I leave and go around to Joel’s and catch him awake. I tell him the story about what happened at Jimmy Lim’s, how awesome it was, how I wasn’t hurt (only shaken) and how I’d never seen anything so real before. Then I tell Joel that we need to go our separate ways. He says that he’s glad that I wasn’t injured and that he could feel us drifting apart and that frankly, if he were being honest, there were things about me that really annoyed him. Like the way I labelled people as one thing or the other like: “tall,” “shifty” and “mean.”
I AM NOT JUDGEMENTAL I yell and then we fight.

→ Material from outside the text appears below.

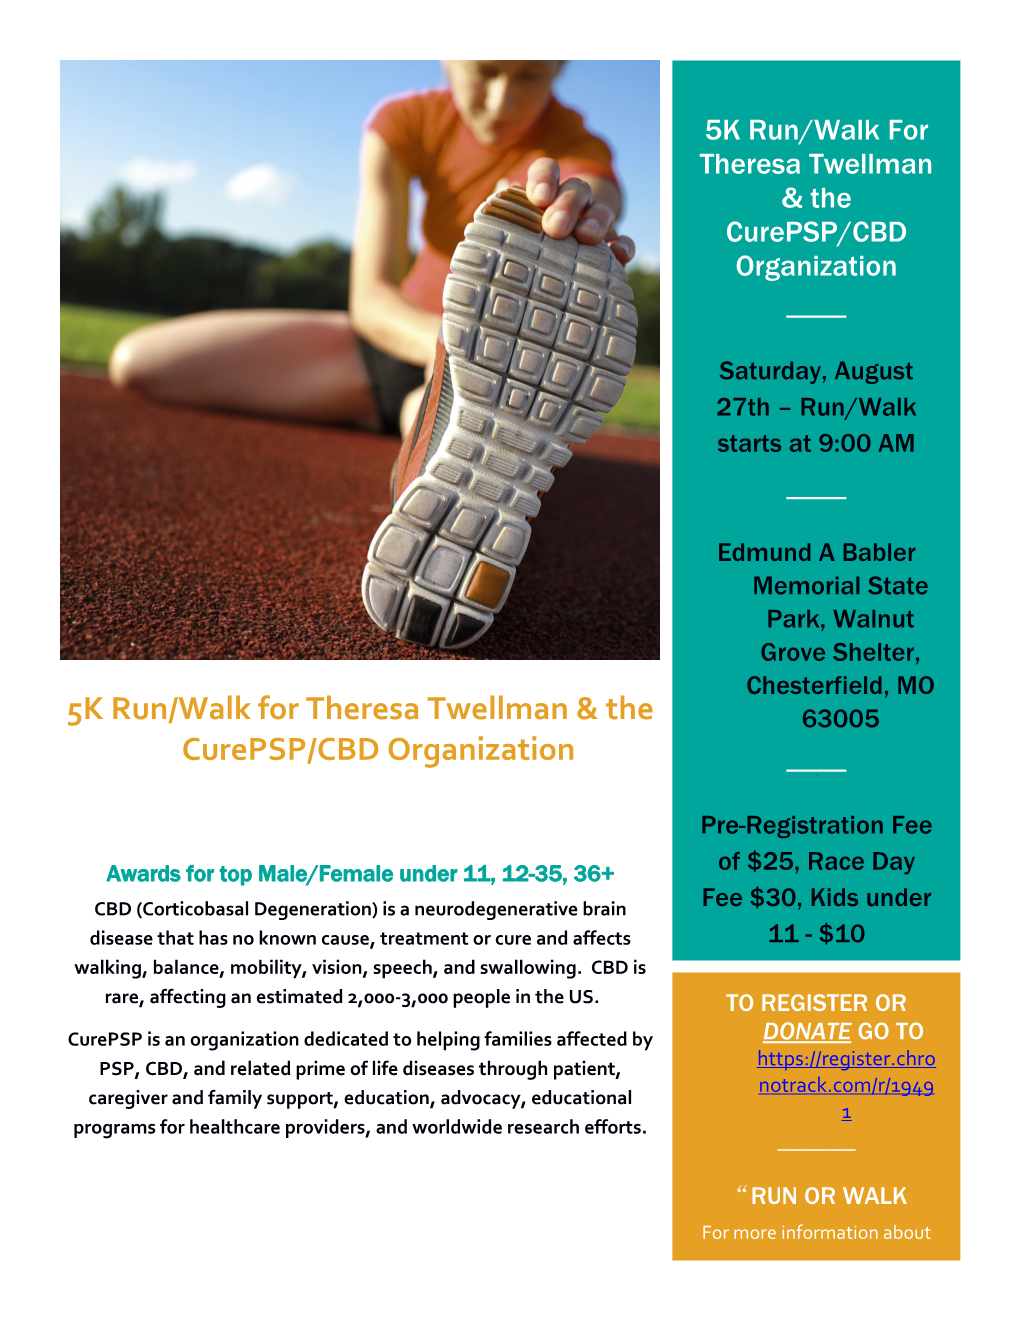 5K Run/Walk for Theresa Twellman & the Curepsp/CBD Organization

Not in the tall man and punched steak kind of way, not even in the Buddhist mercy kind of way, but in the way that brings everything up all together: two years of laughing at the wrong time, singing stupid songs in the shower, telling weak jokes with offensive overtones, sleeping too late, getting up too early, paying more attention to the dog, your mother, your sister, your ancient aunt; of nights at the pub, of ogling him or her or both of them, of spending money and then not enough. It all hits the air in wet phlumping splats of hatred until we’ve had enough.
Then we sit in silence. I’m not sure what he’s thinking, but I want to yell out to him: THEN WHY DID YOU GO AND TELL BRIONY THAT WE WERE PRACTICALLY MOVED IN TOGETHER, THAT WAS JUST STUPID TO SAY THAT WHEN WE BOTH DIDN’T MEAN IT.
But maybe, after a night at Jimmy Lim’s, of not eating meat and then seeing what can happen to a person when they’re angry or desperate enough to run a car through a window, I’ve had enough. Eventually Joel and I hug, like awkward strangers, and then he yawns and I leave.